### [Dataset excerpt]
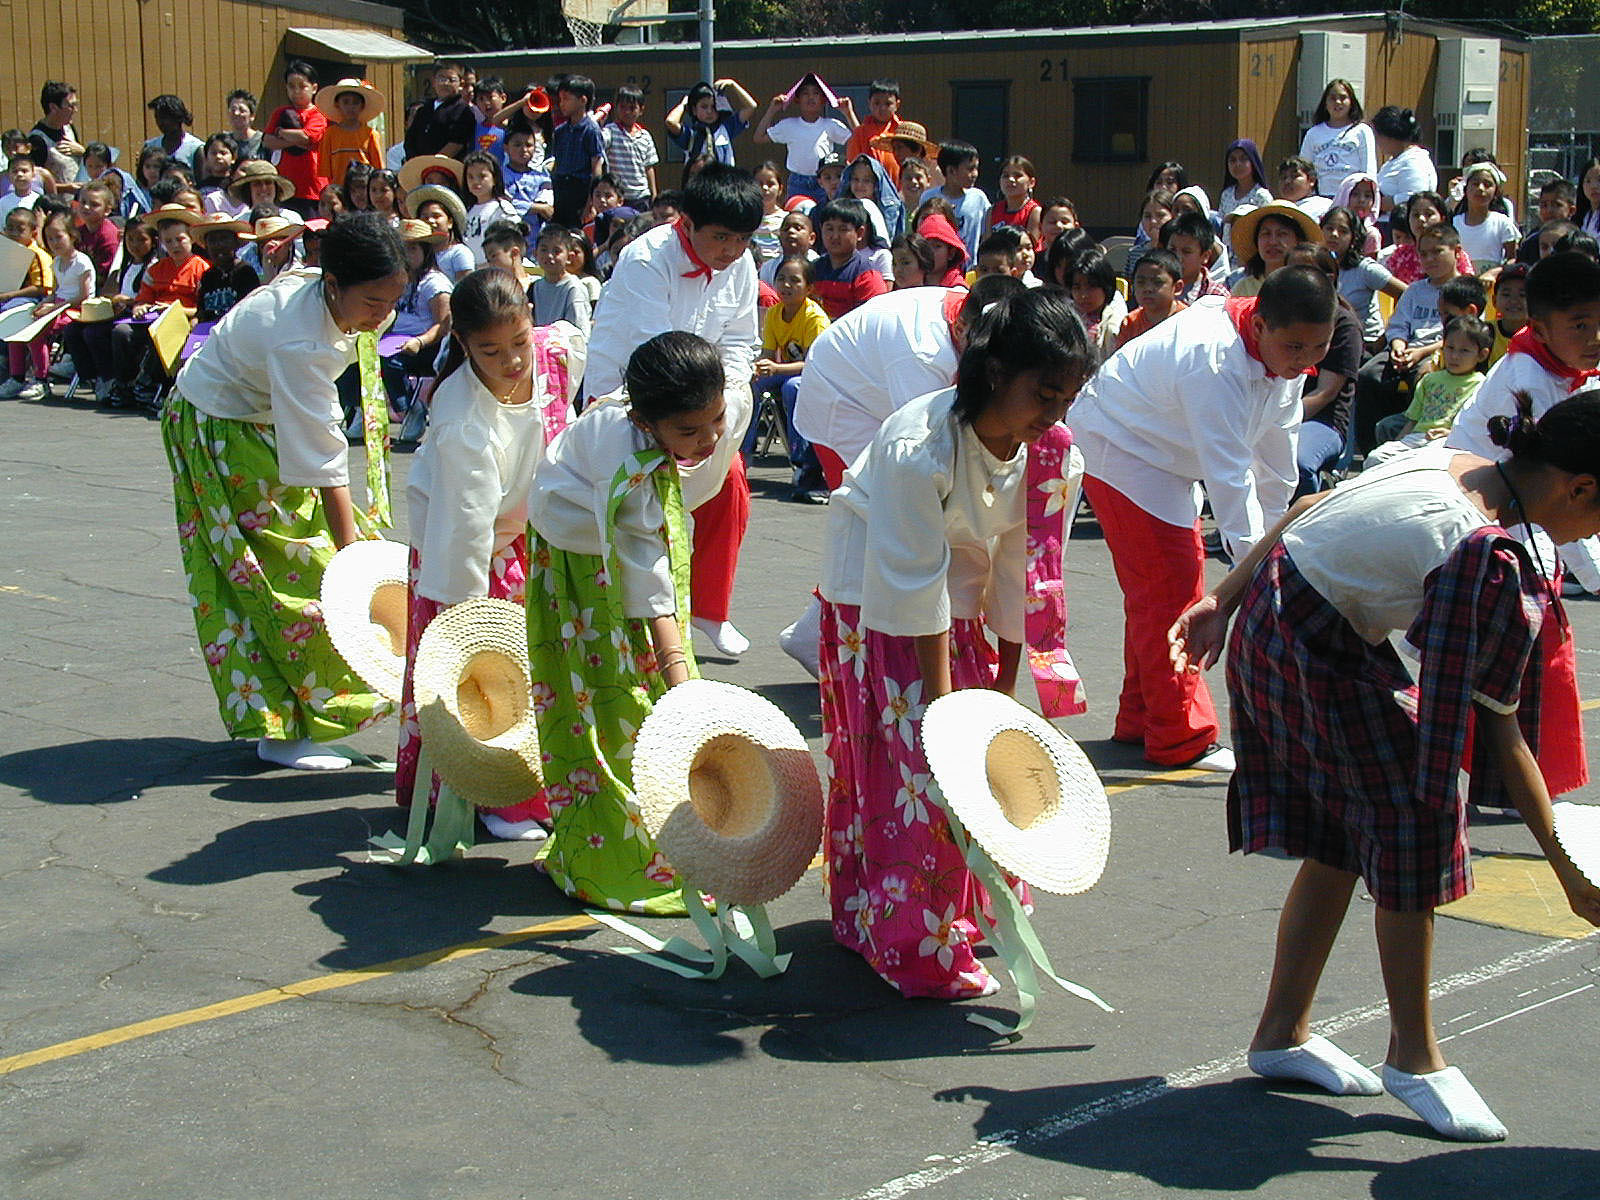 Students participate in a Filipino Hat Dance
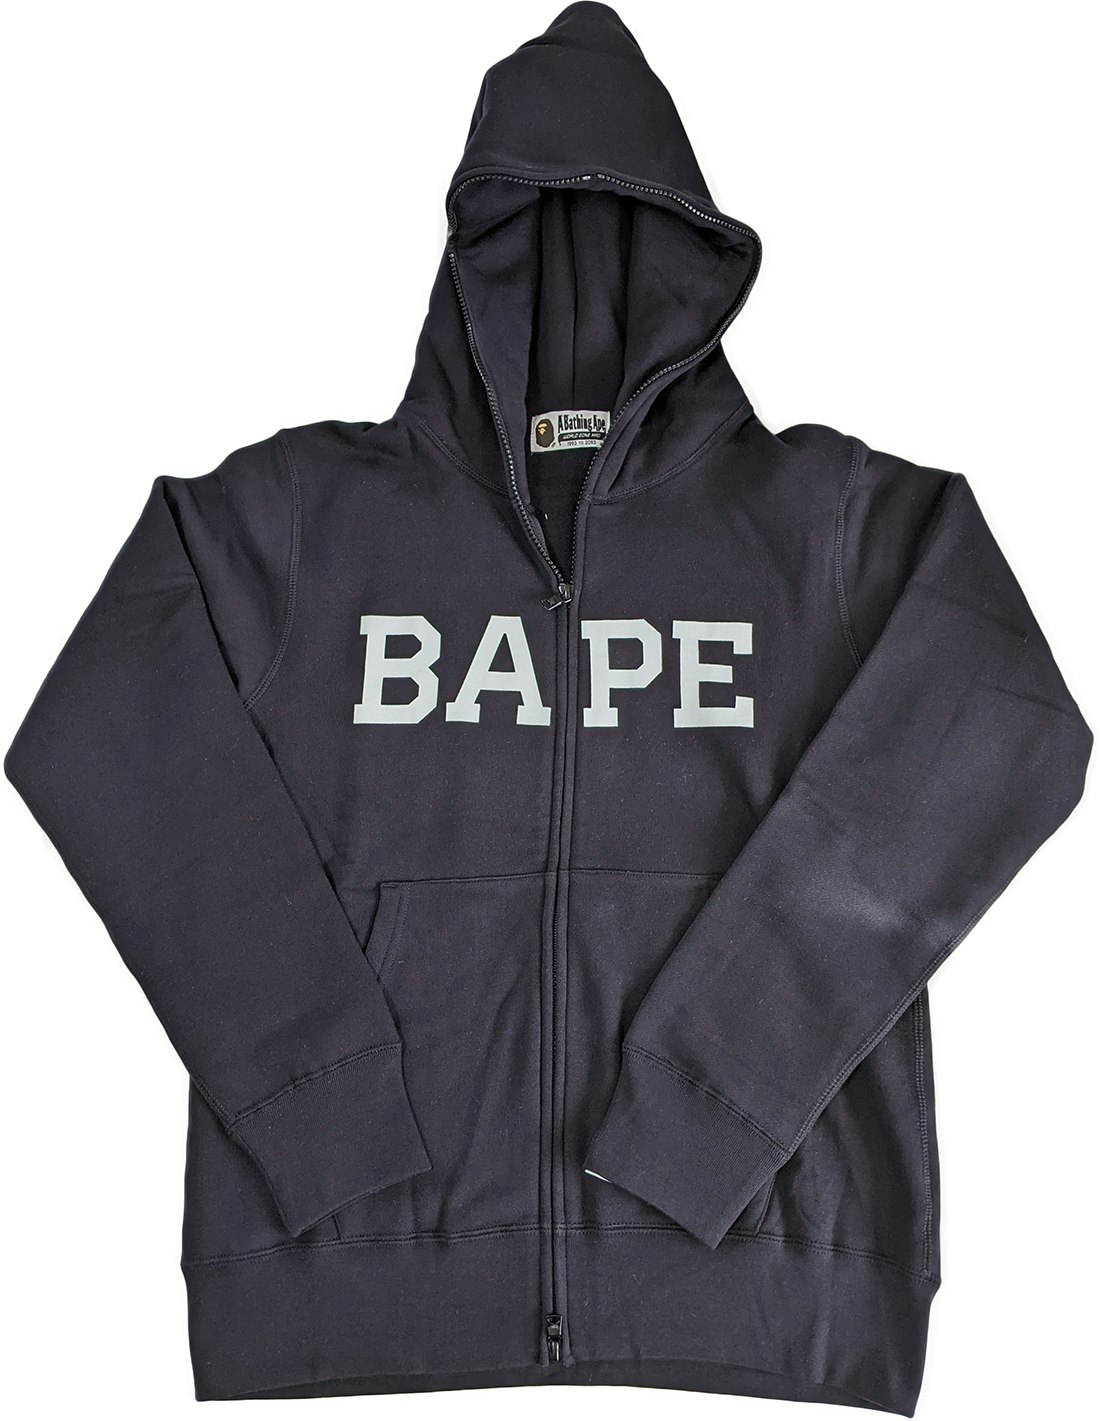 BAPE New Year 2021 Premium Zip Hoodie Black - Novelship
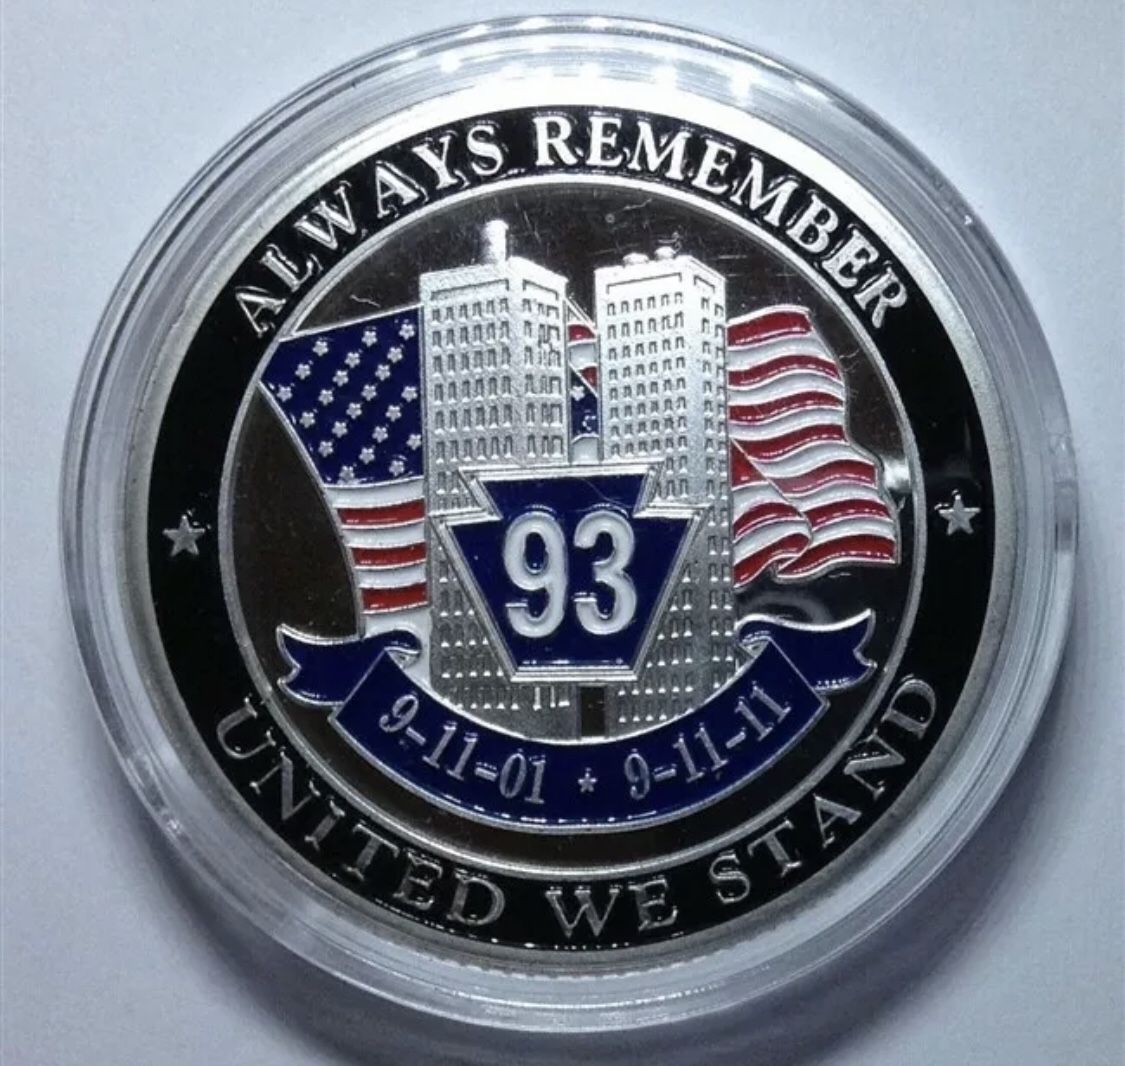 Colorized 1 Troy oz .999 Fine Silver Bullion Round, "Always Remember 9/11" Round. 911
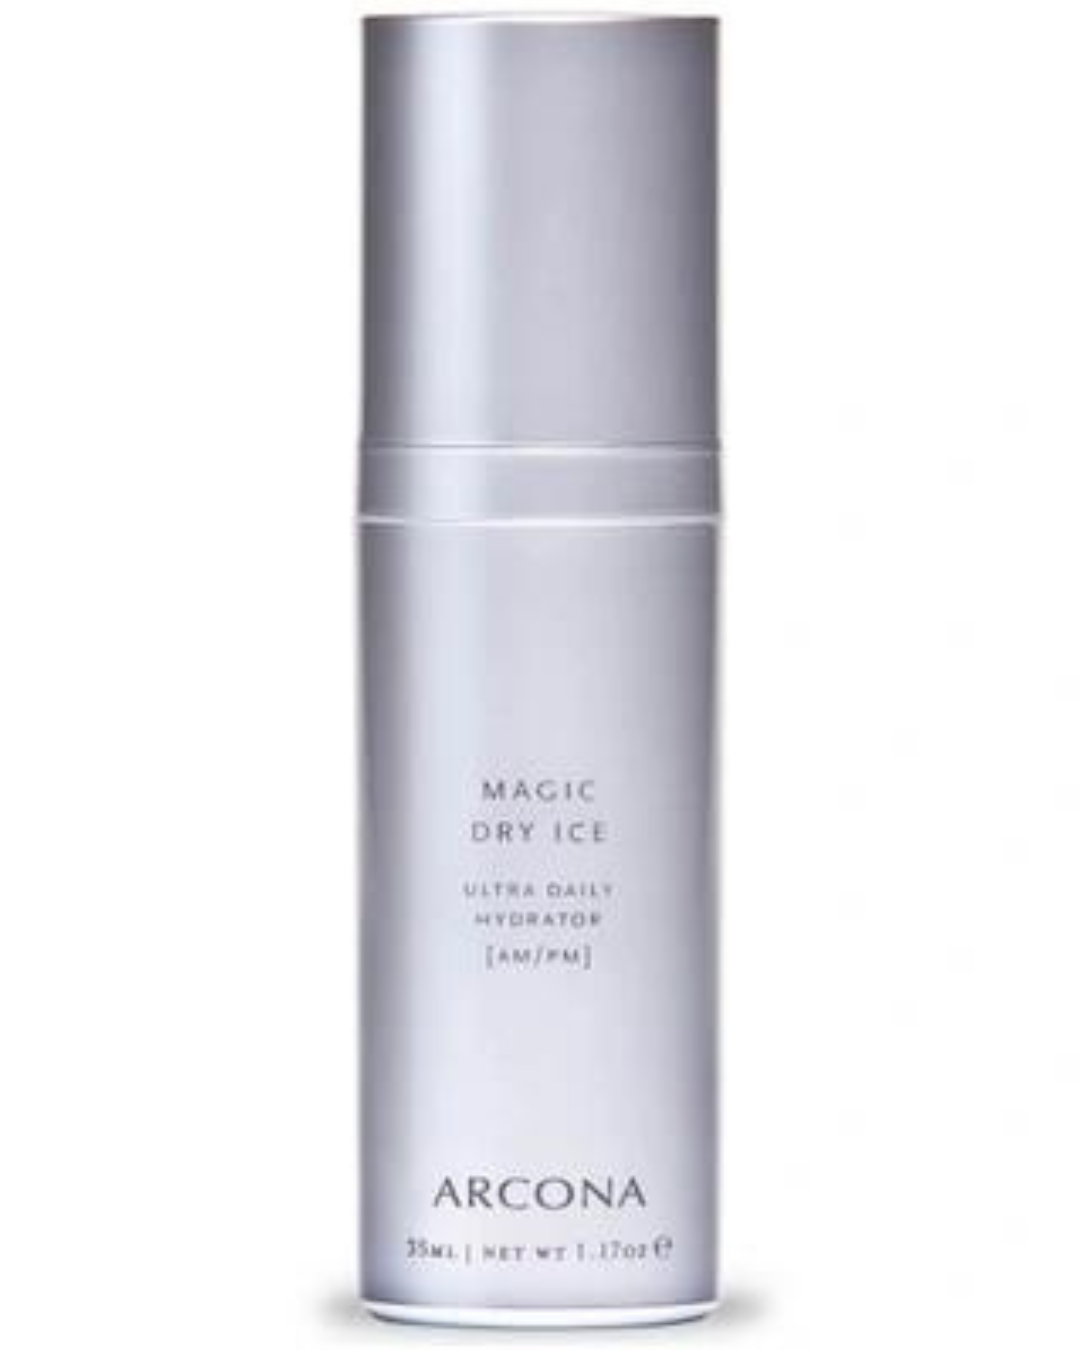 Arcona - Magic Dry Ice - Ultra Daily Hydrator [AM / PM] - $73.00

### [Brief]
These lines alone form the answer: the one containing "BAPE New Year" and every line after it through the end of the material, exactly as written, pictures left out.

### [Output of the task]
 BAPE New Year 2021 Premium Zip Hoodie Black - Novelship
 Colorized 1 Troy oz .999 Fine Silver Bullion Round, "Always Remember 9/11" Round. 911
 Arcona - Magic Dry Ice - Ultra Daily Hydrator [AM / PM] - $73.00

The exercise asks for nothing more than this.